→ **Problem to solve**: For this exercise, the lines from the one with "Integrated strategy for" through the end of the material below must be output exactly, without pictures.

→ **Data excerpt**:
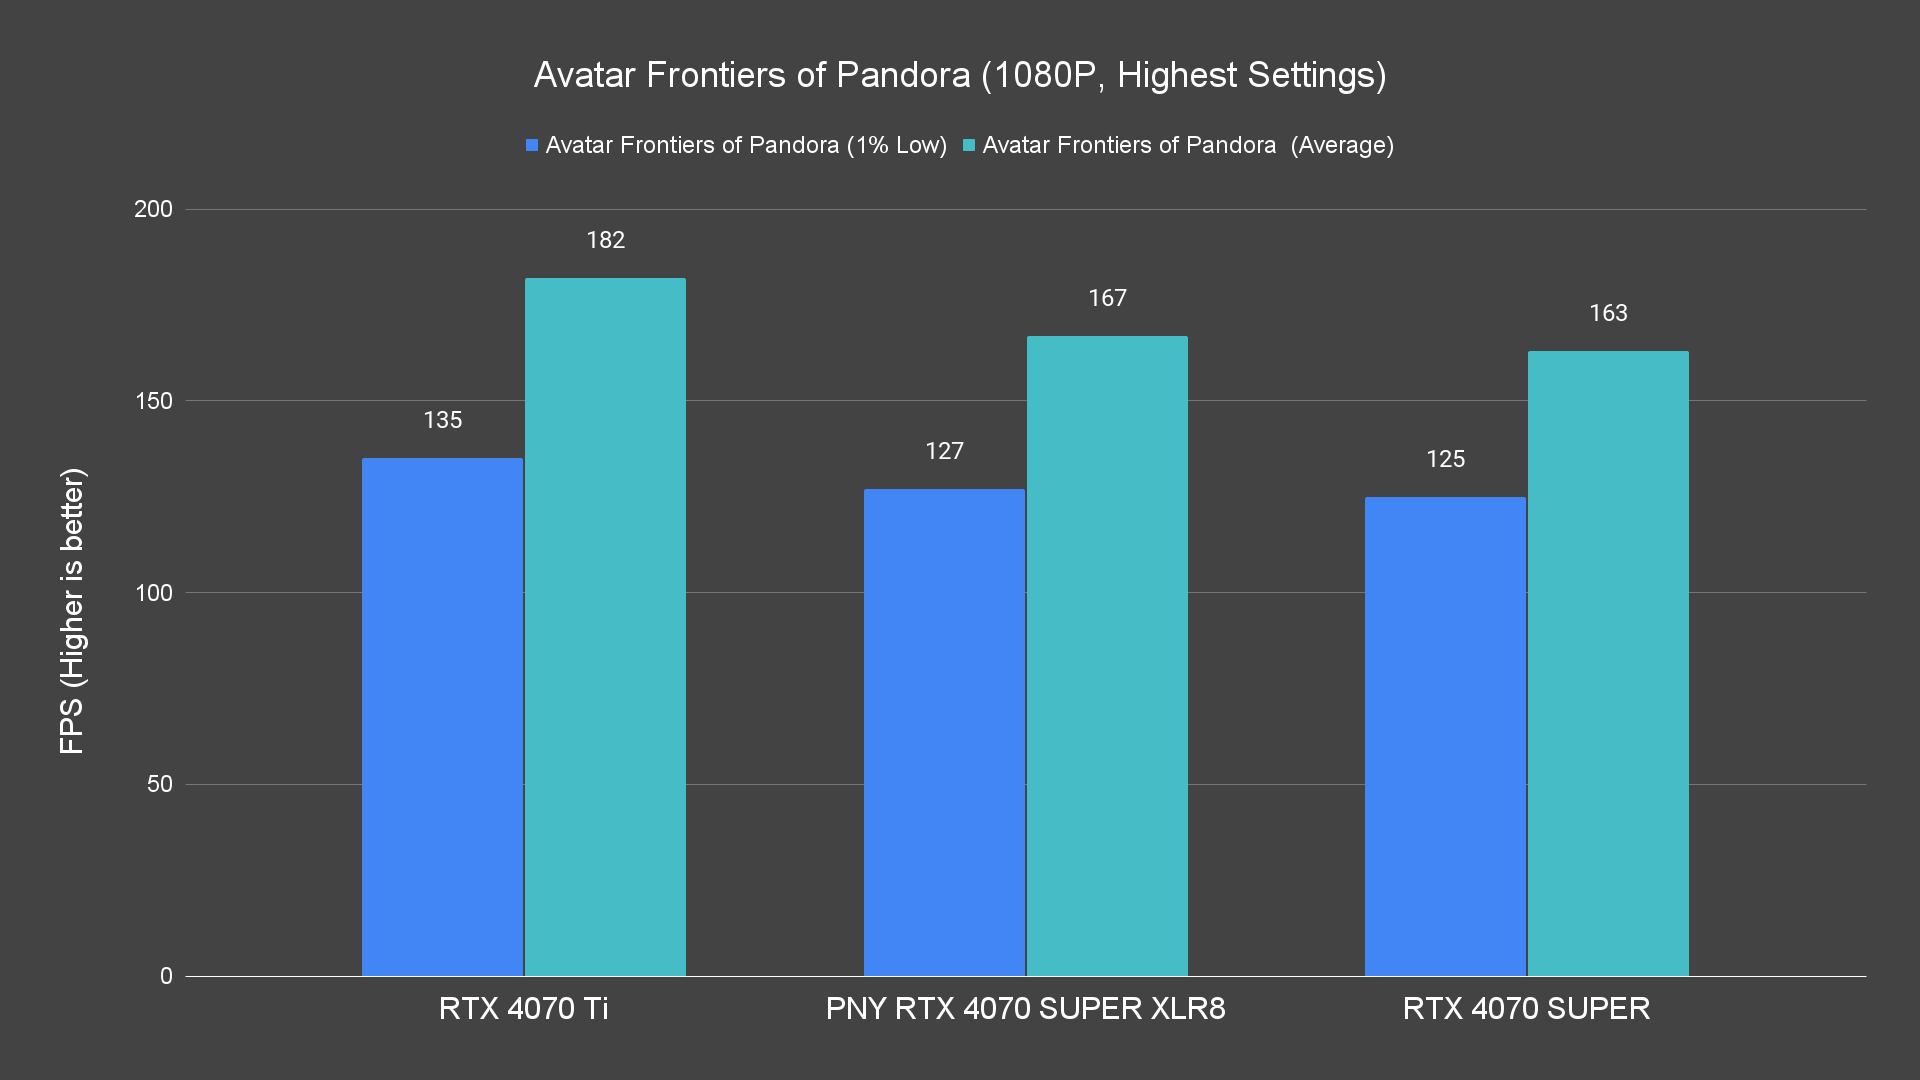 Avatar Frontiers of Pandora (1080P, Highest Settings) Raster PNY RTX 4070 SUPER XLR8
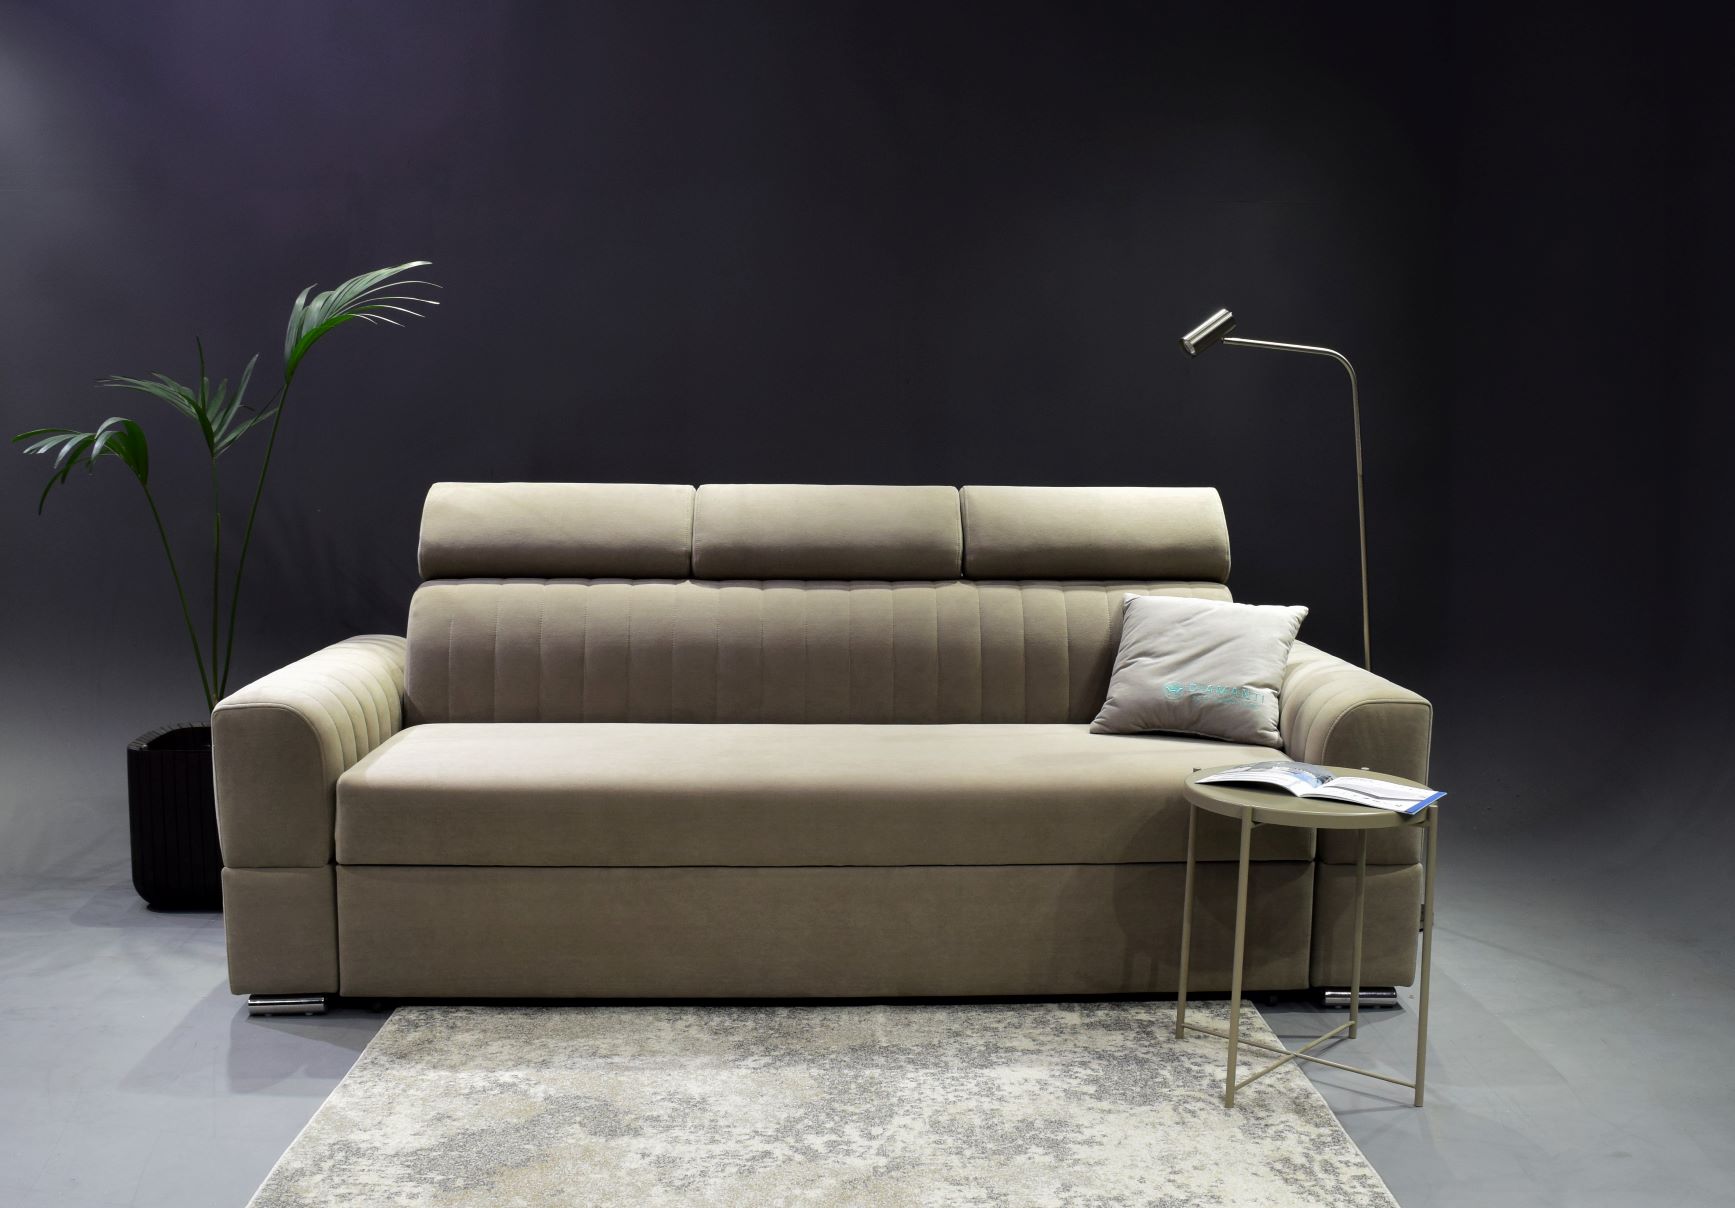 The Brooklyn Sofa
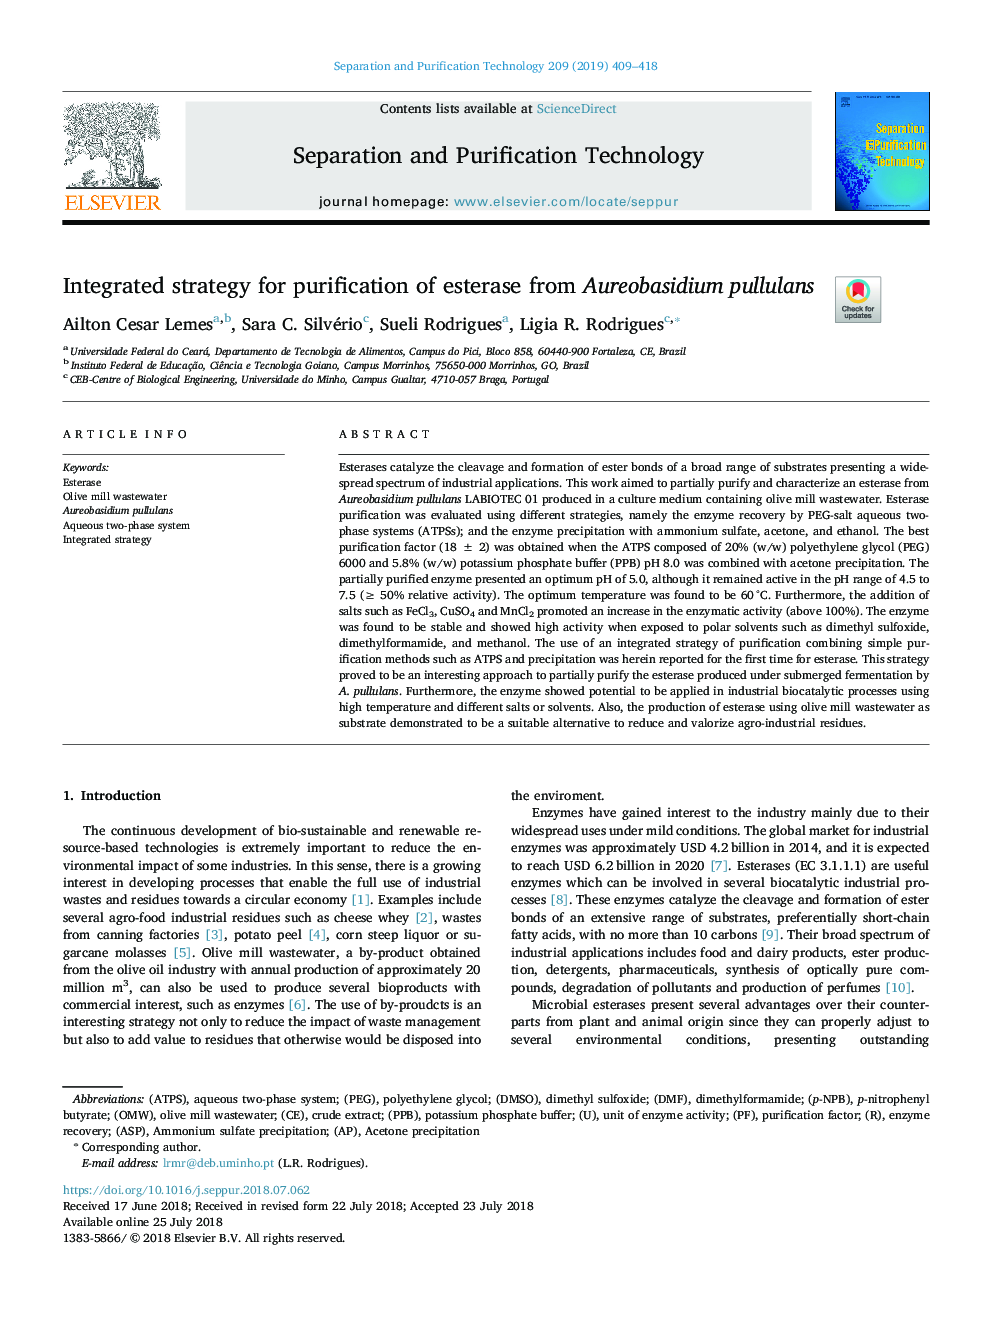 Integrated strategy for purification of esterase from Aureobasidium pullulans
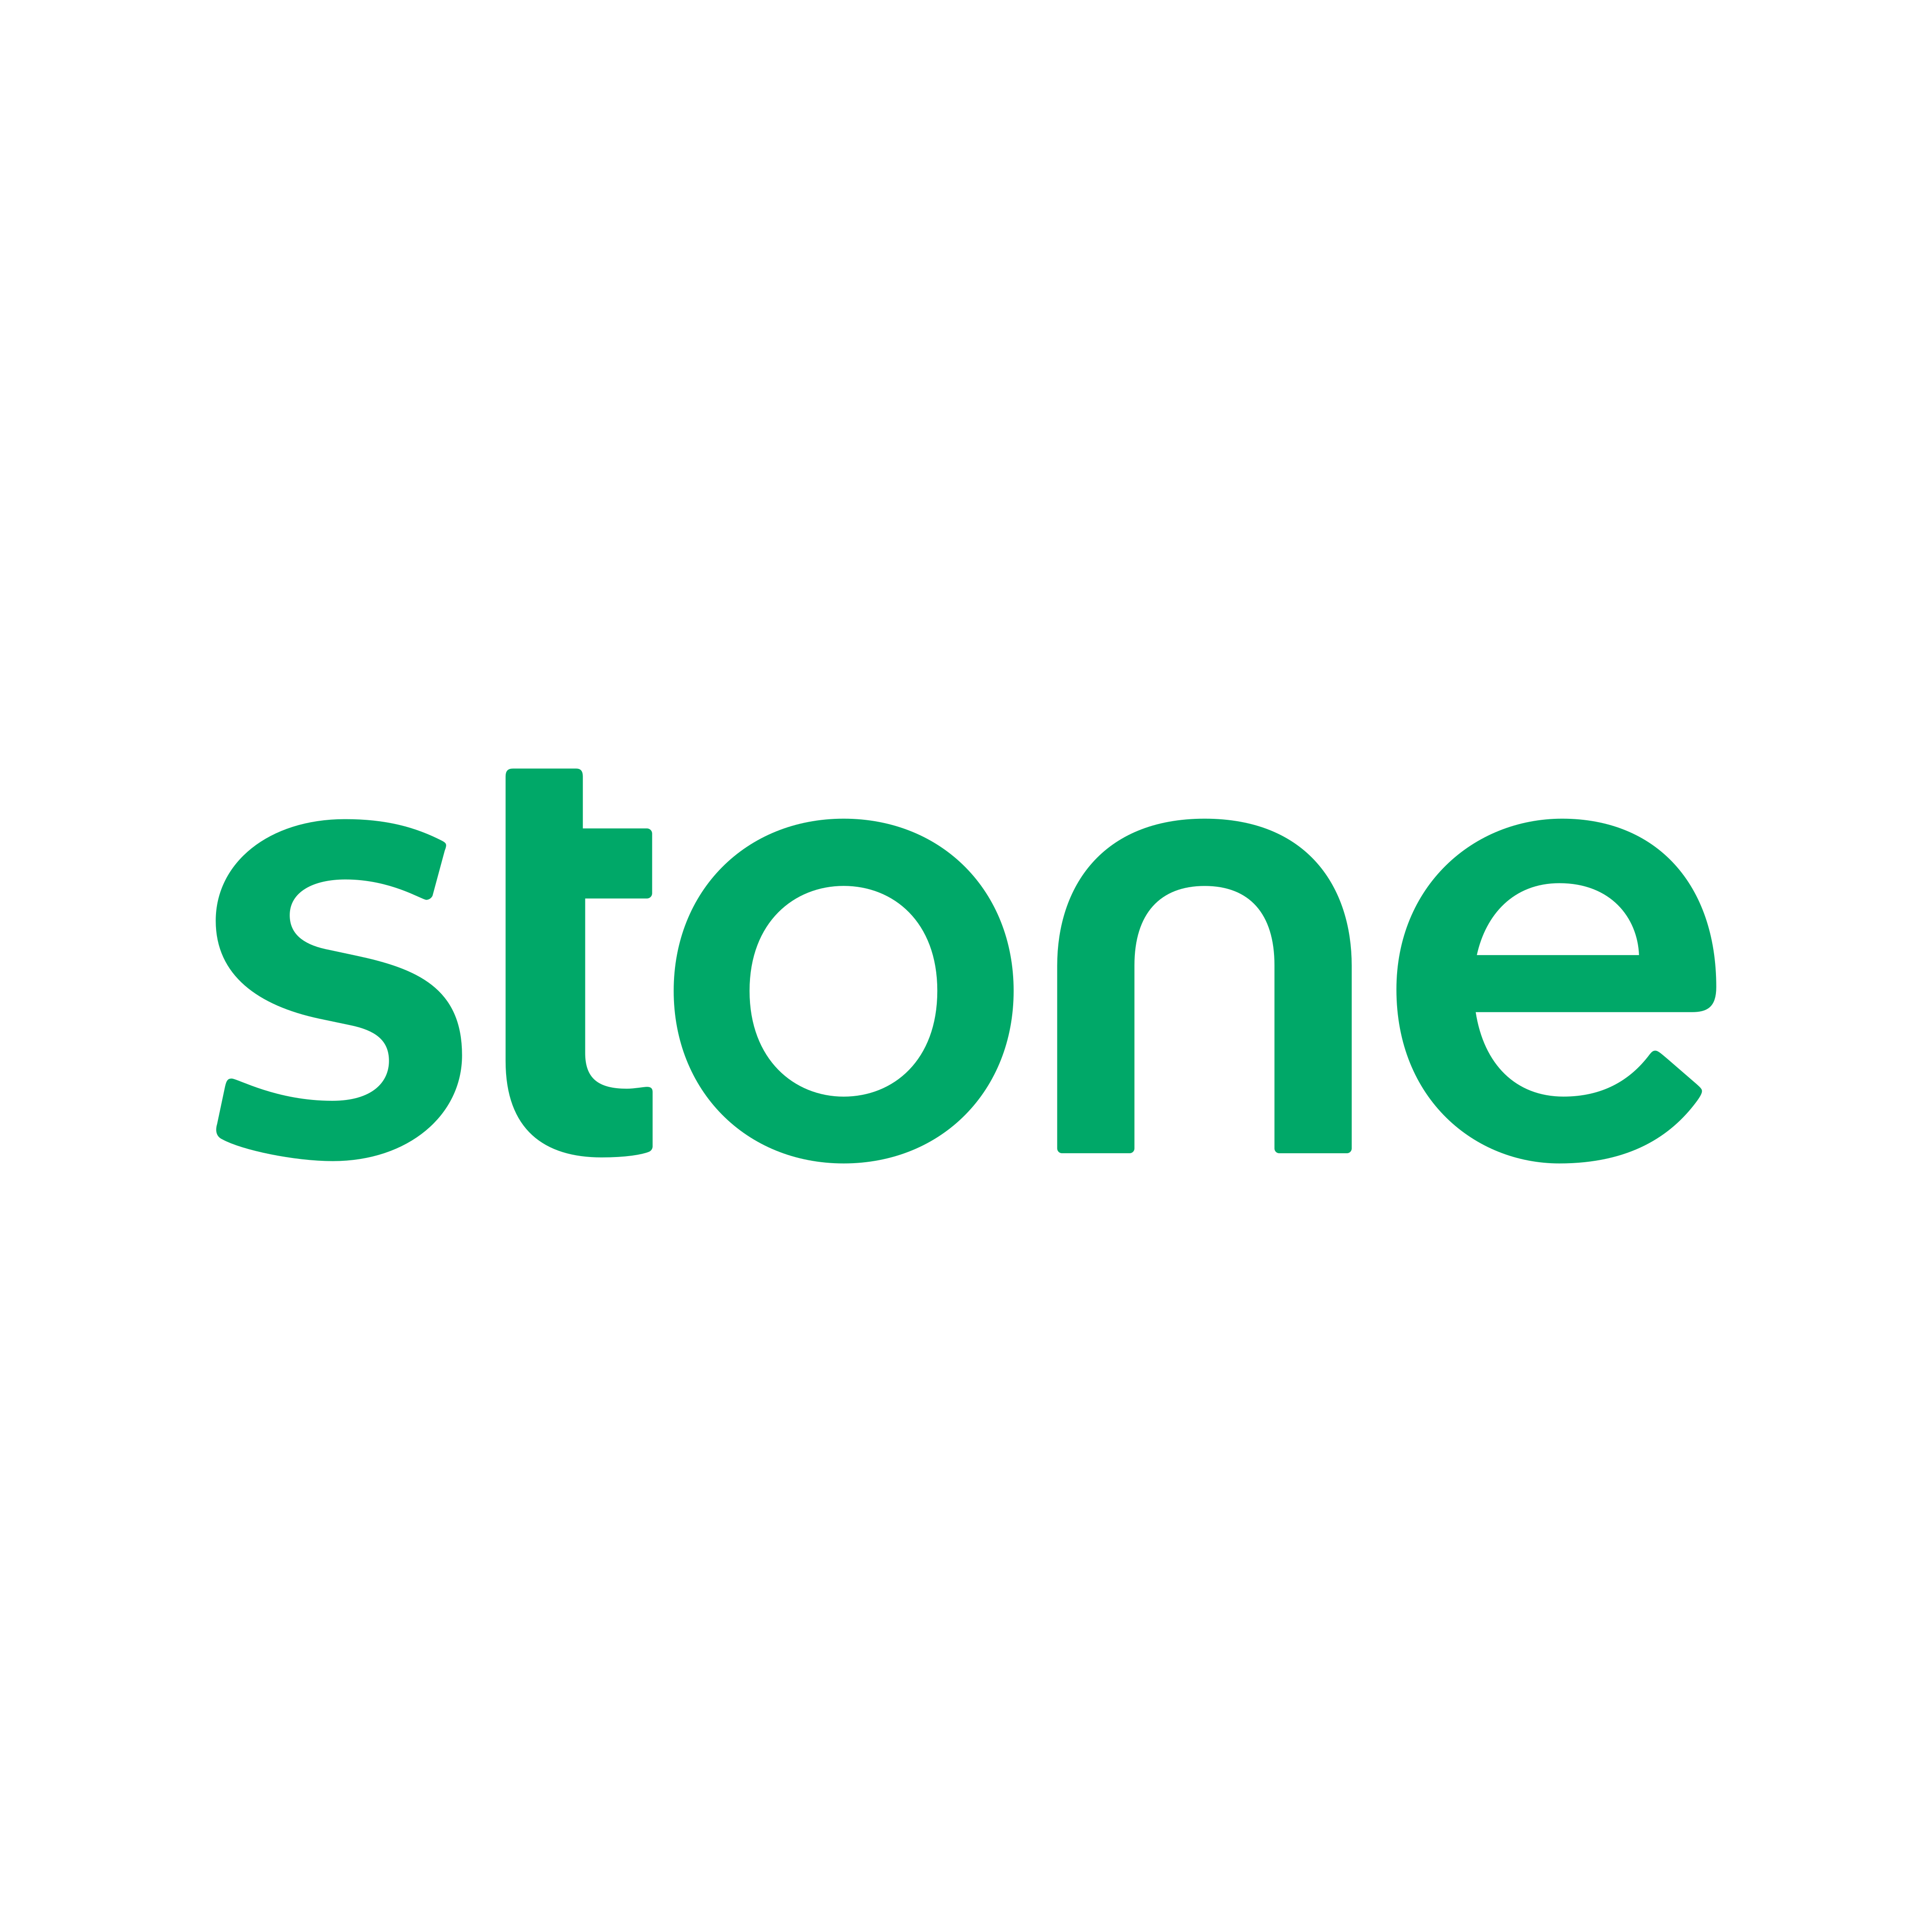 Stone Logo PNG.

→ **Answer to this problem**:
 Integrated strategy for purification of esterase from Aureobasidium pullulans
 Stone Logo PNG.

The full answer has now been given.